Open source, open science: the coronavirus crisis is when openness comes into its own

Posted on Apr 15, 2020 by Glyn Moody

Open source figures frequently on this blog. That’s in part because Private Internet Access is a long-time supporter of free software, and is in the process of open-sourcing its own software. But more generally, privacy is deeply bound up with open source, for reasons a recent post explained. The importance of open source in the context of privacy is underlined by developments in the fast-moving world of the coronavirus pandemic. Many governments want to use smartphone apps to help trace people who have been in close proximity to those infected with Covid-19. That’s a laudable intention, but privacy organizations are rightly worried that this new form of surveillance might become a permanent addition to the authorities’ toolkit for controlling citizens. Hence a new emphasis on building privacy safeguards into such tracing apps from the start. One essential prerequisite for that is releasing the code as open source. Closed-source software cannot be trusted, which means that “black box” tracing apps need to be viewed with suspicion and avoided.

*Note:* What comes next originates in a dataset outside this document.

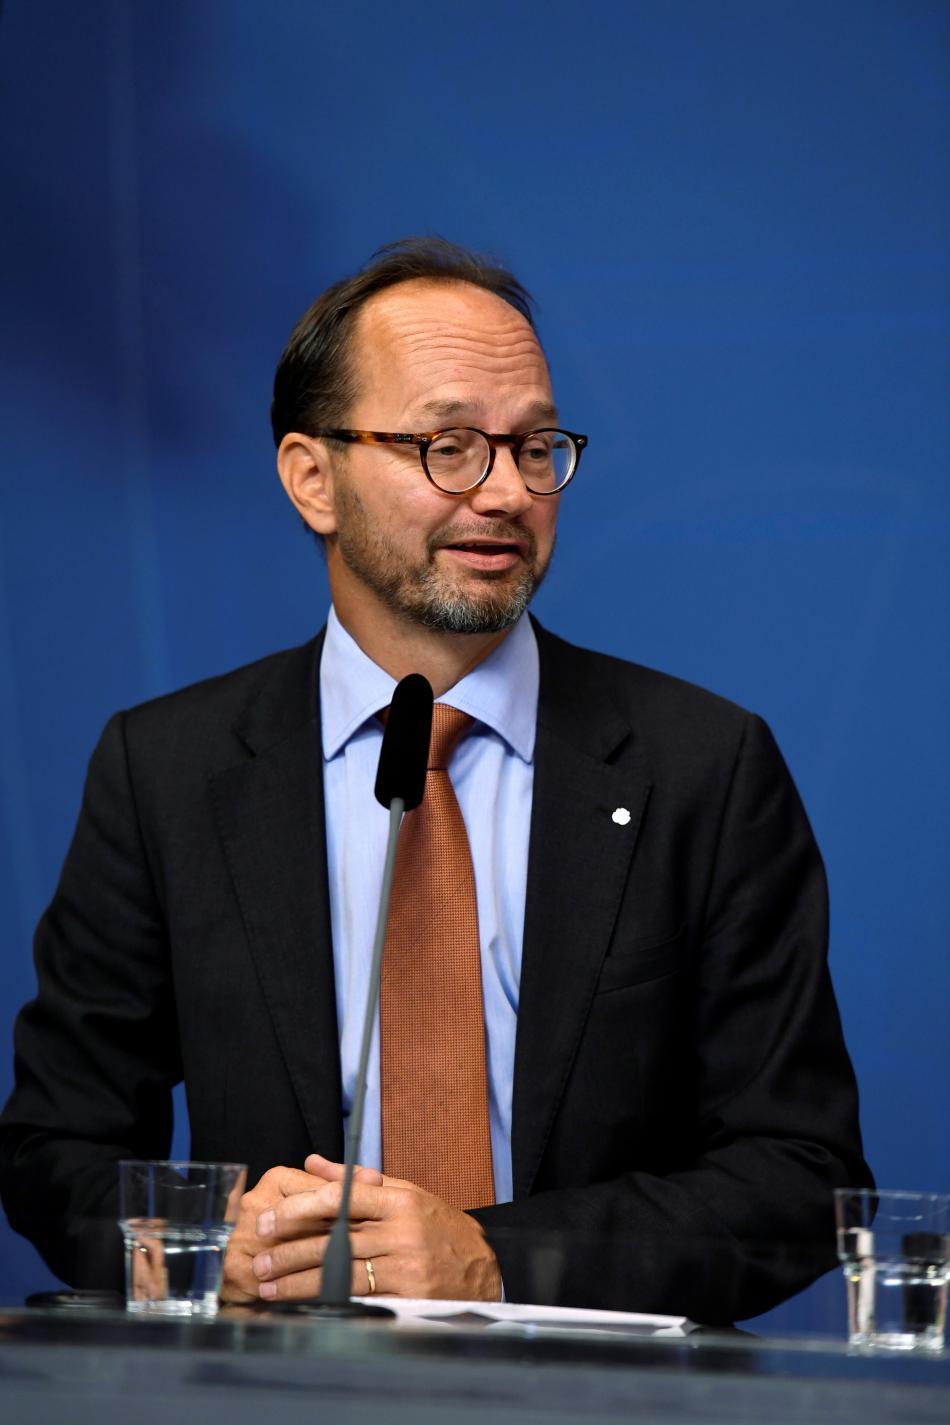 Nový švédský ministr infrastruktury Tomas Eneroth

It’s not just for tracing apps that people are realizing the benefits of openness. Faced by a completely new virus infecting millions, speed is of the essence, and so researchers around the world are changing radically how they work, and embracing open science. This emerging movement promotes the rapid, free and public posting of scientific findings, in contrast to traditional ways of disseminating information. As early as 31 January, around a hundred organisations working in fields related to Covid-19 called for researchers, journals and funders to ensure that research findings and data relevant to this outbreak are shared rapidly and openly to inform the public health response and help save lives. It’s already starting to happen. As a post on the Fred Hutchinson Cancer Research Center Web site notes:

Scientists throughout the world are publicly sharing brief clinical reports and gene sequences of the novel coronavirus, bypassing the careful curation and peer review that still dominates the distribution of most scientific information.

In practice, that means that virus genomes – the subtly-varying genetic code of the virus samples collected around the world – are being released after just a few days, rather than hoarded for personal use by the researchers who obtain them. Sequences are posted to GISAID, which has become an important open resource for coronavirus data:

Prior to the birth of the GISAID Initiative, many scientists hesitated to share influenza data through traditional public-domain data archives, in part due to their legitimate concern about being scooped, a term frequently used when peers using data, are able to publish scholarly articles more quickly than they themselves are able to. In some cases, their scientific contributions would also fail to be properly acknowledged, or recognized.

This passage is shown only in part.